CHAPTER TWENTY-TWO
‘He ain’t firing,’ shouted the convict, his voice lost behind the barricade, lost against the hymn-like howling of the Pericurian soldiers, their fierce war songs given counterpoint by the crash of turret rifles against the brass tanks of compressed gas that powered their weapons.
‘I cannot!’ said Jethro, squatting sadly against his unfired rifle as though it was a crutch. ‘I cannot take a life in this way. Every death is my own.’
‘It will be your bloody own, alright,’ said the convict, sighting down his rifle. ‘The wet-snouts are coming forward a second time.’
‘Bayonets!’ yelled someone behind them. ‘Get your cutlery fixed.’
‘It is not his way,’ said Boxiron, watching the tide of fur, fang and claw storming down the street at them.
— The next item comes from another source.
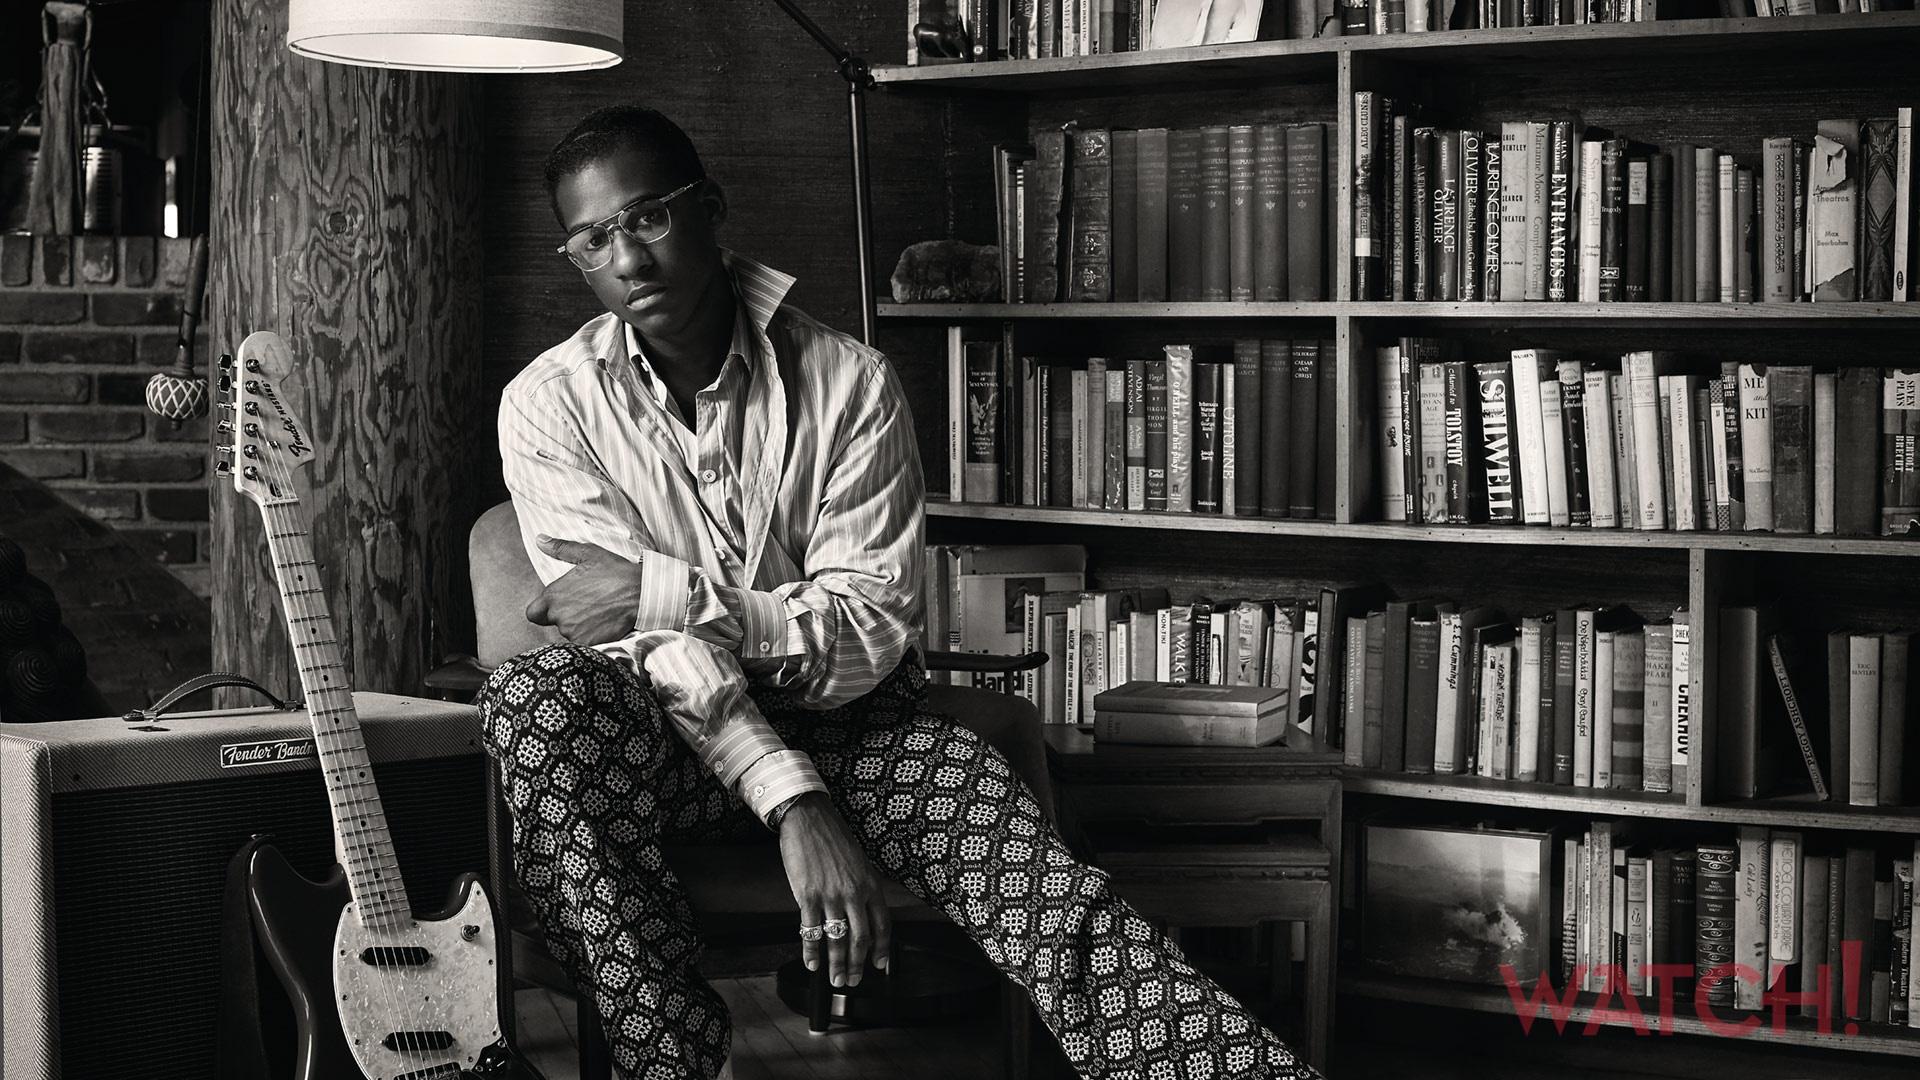 Leon Bridges brings the funk

The attackers were firing wildly, pitons smashing through the barricade and hurling the kneeling ranks of those freed from the prison off their feet with each impact.
‘He ain’t firing,’ repeated the convict, as if this was the only thing that mattered, his bravado fleeing now the defenders had made contact with the terrifying ranks of their massive enemy. The convict might have been a steamman himself, stuck in a loop with fear.
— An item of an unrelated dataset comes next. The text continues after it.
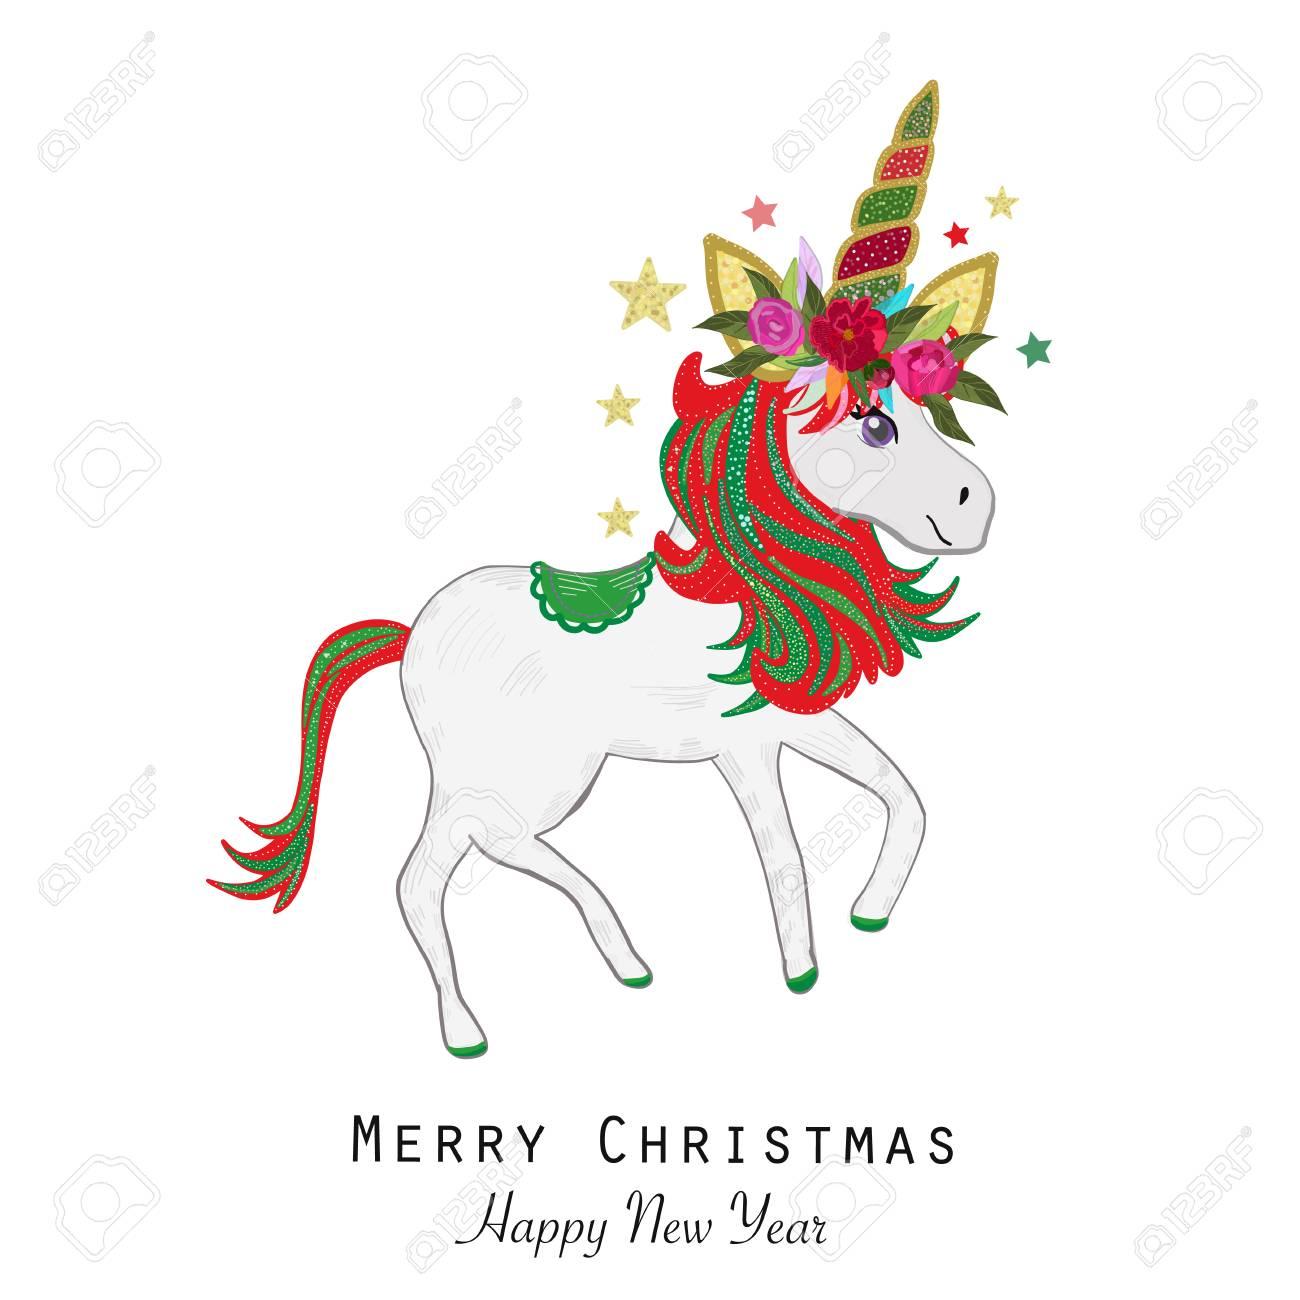 Christmas Unicorn.Magical Unicorn Greeting Card Merry Christmas And Happy New

‘You seem more in control,’ Jethro said to his steamman friend, sounding surprised. ‘Before we voyaged here you would have slipped into a fury by now.’
Boxiron stood up, his right arm turning the massive hammer slowly in preparation. ‘This is my way. This is what I am for, but I will require your help.’
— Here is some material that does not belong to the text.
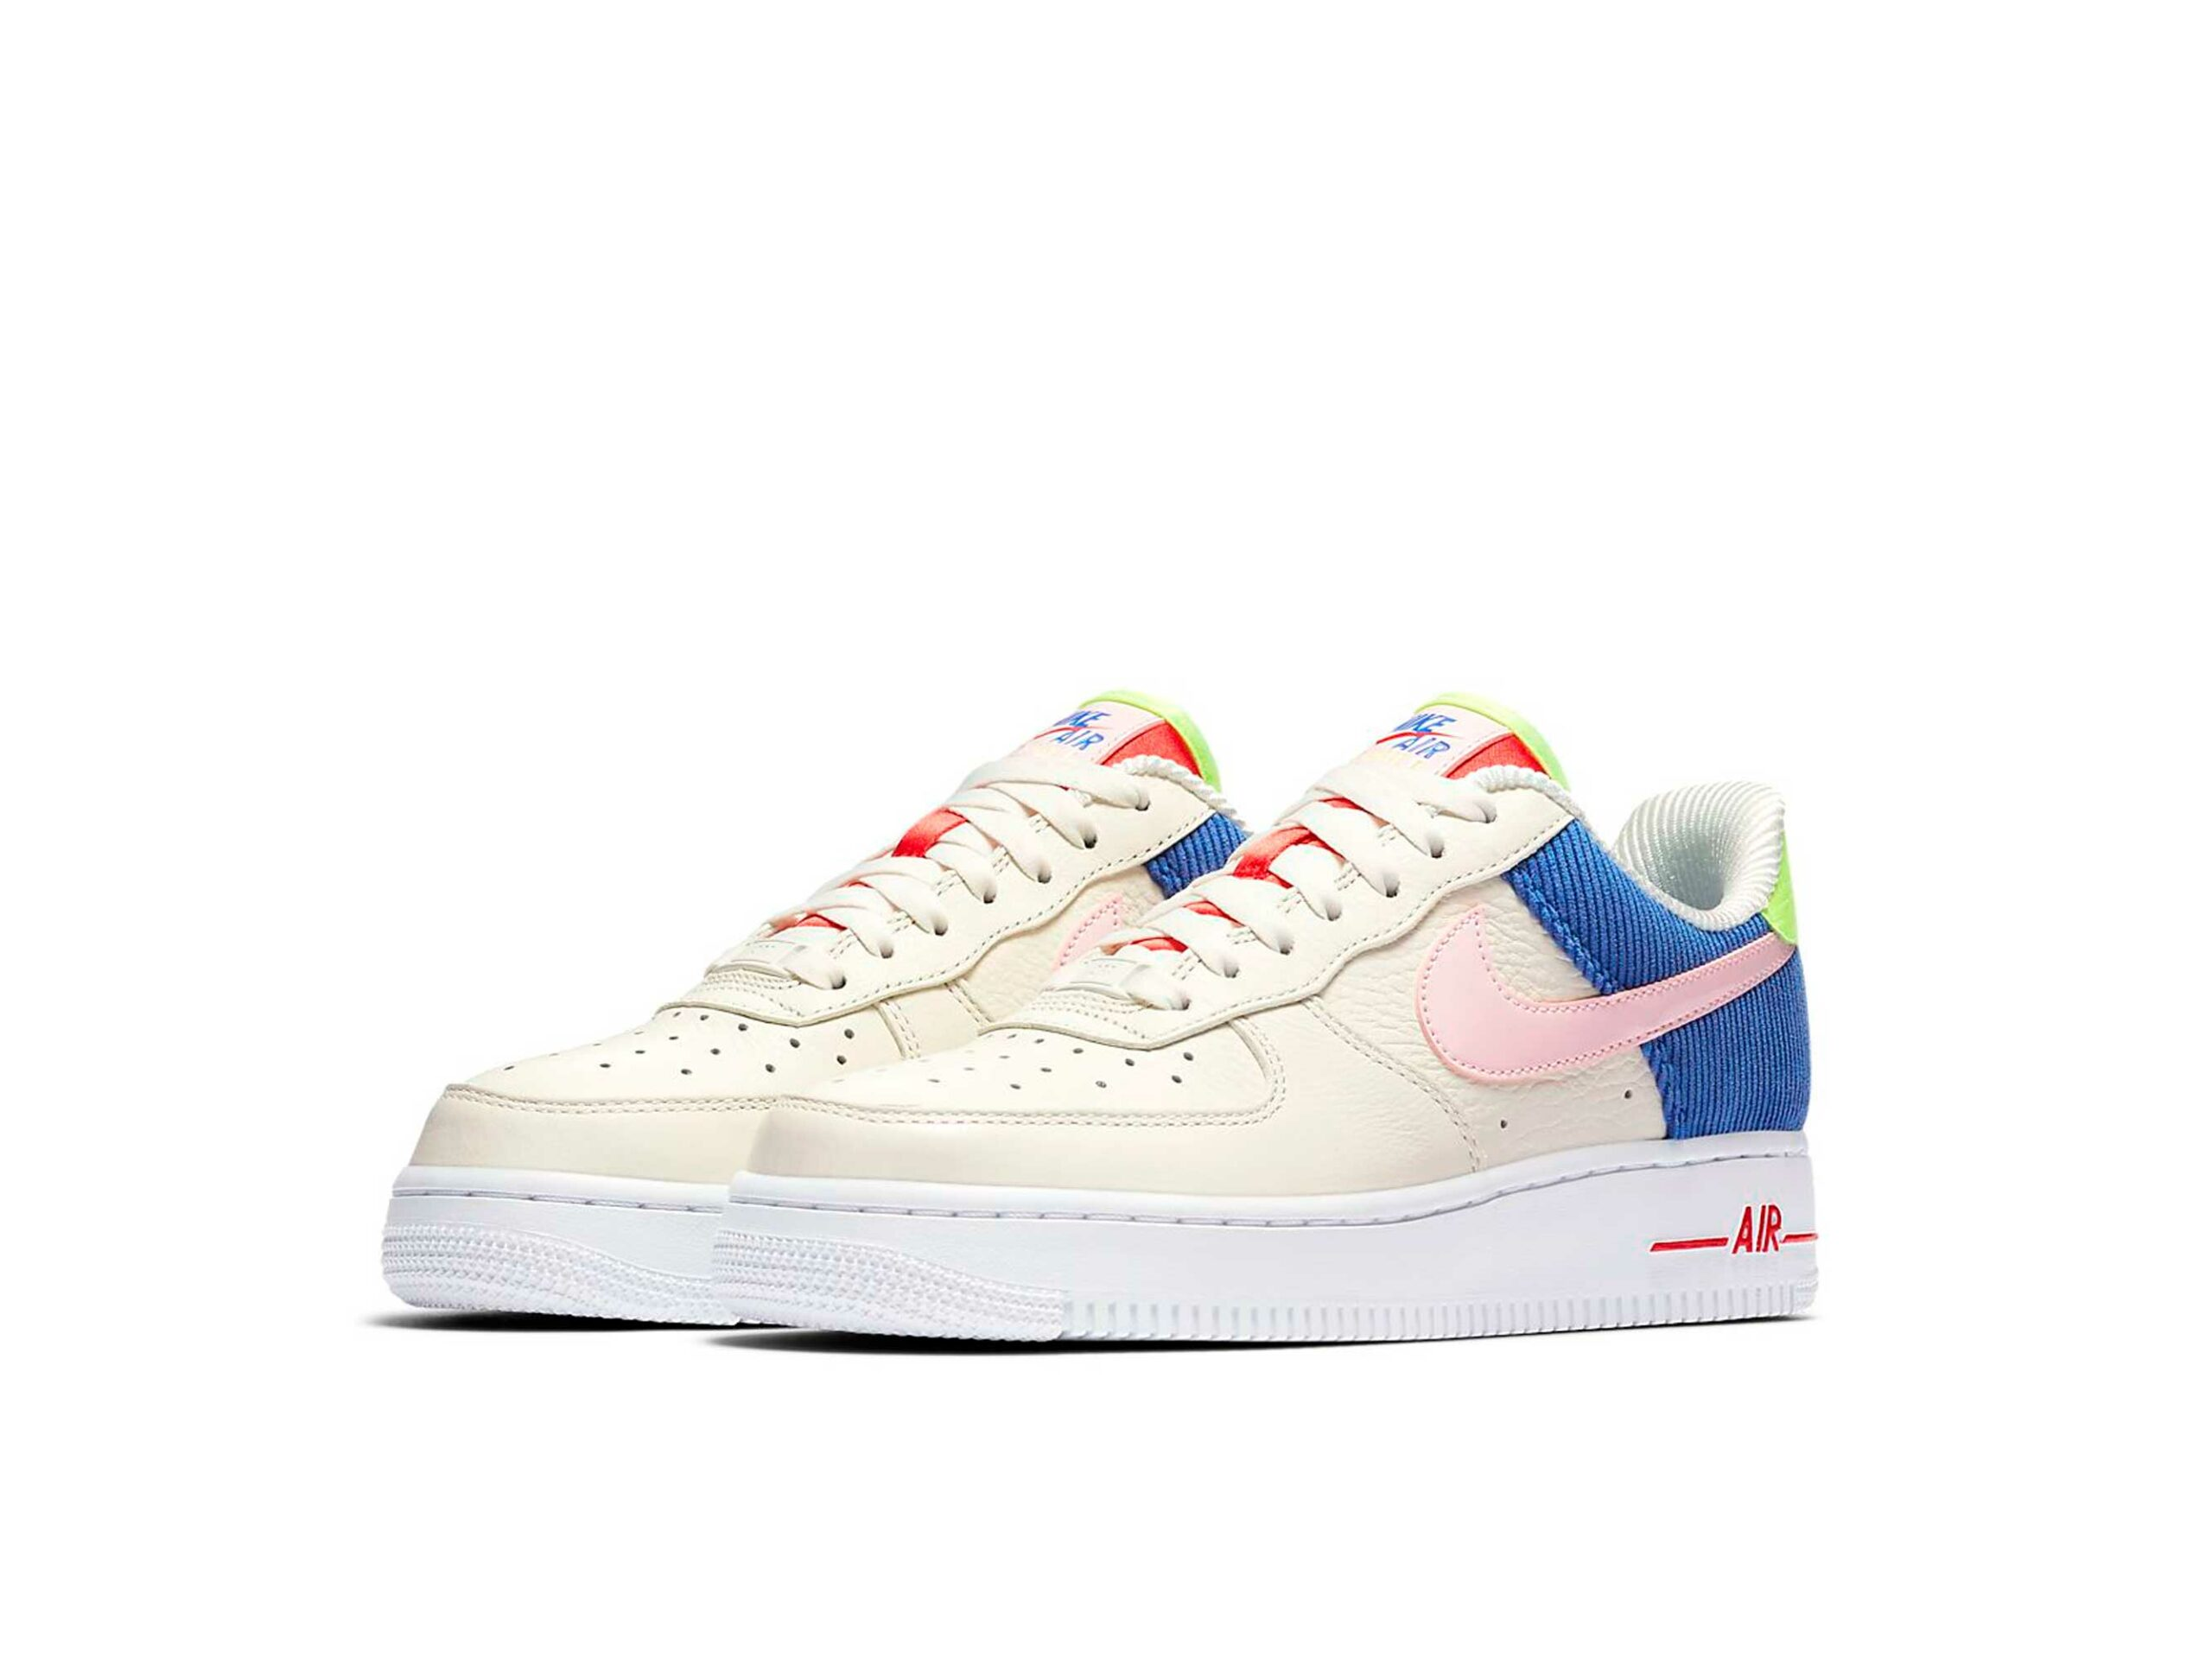 Nike Air Force 1 Low Corduroy AQ4139_101 купить

‘He ain’t firing,’ protested the convict by their side, fumbling for another charge to slip into his smoking breech.
‘Don’t worry,’ said Boxiron, laying his left hand upon the convict’s shoulder. ‘I am to claim his share.’ He looked down at Jethro. ‘It is time.’
‘He ain’t firing,’ the convict coughed at the huge ursine who had smashed through the barricade and pushed a bayonet through his ribs. Howling with victory, the giant invader shot the man once, the impact of the piton throwing the corpse off her blooded blade and clearing her turret rifle.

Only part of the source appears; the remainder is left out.